The object of the present invention is achieved like this:
The gas turbine self adaptation gas path component that the present invention combines with particle swarm optimization algorithm based on thermodynamic model
Performance diagnogtics method, is characterized in that:
(1) gas circuit when newly putting into operation based on object gas turbine or be healthy is measured parameter and is set up gas turbine non-thread
Property thermodynamic model, wherein compressor all represents by similar reduced parameters form with turbine;
(2) redefine the gas circuit health index of compressor and turbine with similar reduced parameters, eliminate due to ring
The impact that border condition changes and causes gas turbine operation performance to change;
(3) gas circuit of period when gathering existing object gas turbine stable operation measures parameter, carries out
After noise reduction process, the gas circuit as diagnosis to be taken off-line measures parameter;
(4) the environment initial conditions of the gas turbine heating power model set up is set and operates initial conditions and adopt
Object gas turbine operation operating mode during sample is consistent, eliminates owing to environmental condition and operating condition change and cause
The impact of gas turbine operation performance change;
(5) measure with the gas circuit of diagnosis to be taken off-line between the gas path parameter data of parameter and thermodynamic model calculating
Root-mean-square error is object function, obtains each current portion by particle swarm optimization algorithm iteration optimizing
The gas circuit health index of part, in order to the performance health status that evaluation object gas turbine is actual.

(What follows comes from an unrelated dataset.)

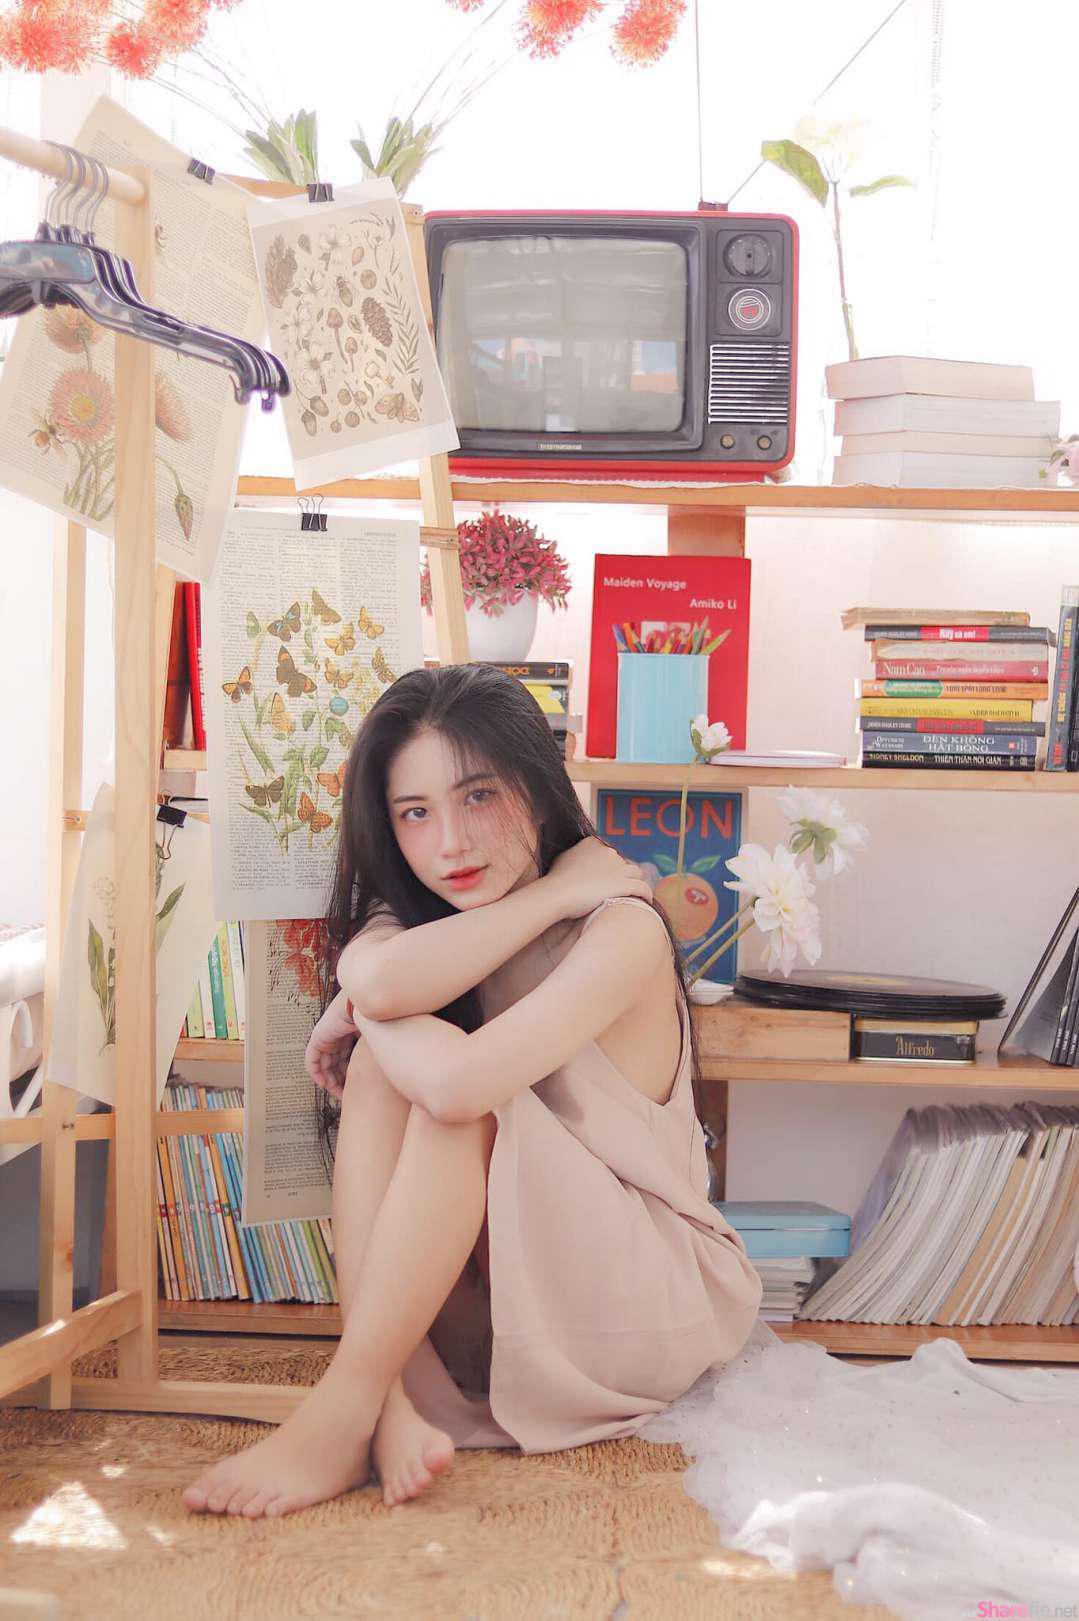 越南妹子,大学生清纯唯美风格插图(5)

The present invention can also include:
1, step (1) sets up specifically comprising the following steps that of gas turbine Nonlinear Thermal model
A () utilizes parts relative to reduced parameters, set up gas turbine component level thermodynamic model, wherein compressor
General relative reduced parameters form is become with turbine characteristic line data compilation:
It is as follows that compressor characteristic curves is organized into general similar reduced parameters form:
GC,cor,rel=f (ncor,rel,πC,rel)
ηC,rel=f (ncor,rel,πC,rel)
WhereinFor relatively converting into rotating speed, n is actual speed,Enter for compressor
Mouth stagnation temperature, RgFor flowing through the gas constant of compressor working medium, subscript 0 represents design point;
For relative corrected flow, GCFor actual compressor inlet stream
Amount,For compressor inlet stagnation pressure,For relative pressure ratio, πCFor actual compressor pressure ratio,
ηC,rel=ηC/ηC0For relative isentropic efficiency, ηCFor actual compressor isentropic efficiency;
It is as follows that turbine characteristic line is organized into general similar reduced parameters form:
GT,cor,rel=f (ncor,rel,πT,rel)
ηT,rel=f (ncor,rel,πT,rel)
In formula:For relatively converting into rotating speed, n is actual speed,For thoroughly
Flat entrance stagnation temperature, RgFor flowing through the gas constant of turbine working medium,For relative corrected flow, GTFor actual turbine inlet flow rate,For relative pressure ratio, ηT,rel=ηT/ηT0For relative isentropic efficiency, ηTImitate for actual turbine constant entropy
Rate, subscript 0 represents design point;
Gas circuit when () is newly put into operation according to the object gas turbine gathered or be healthy b measures parameter, progressively revises
The characteristic line data of all parts, make the value of calculation of built gas turbine heating power model survey parameter with gas circuit
Match, thus eliminate thermodynamic model and calculate the negatively influencing that error is brought to diagnostic result.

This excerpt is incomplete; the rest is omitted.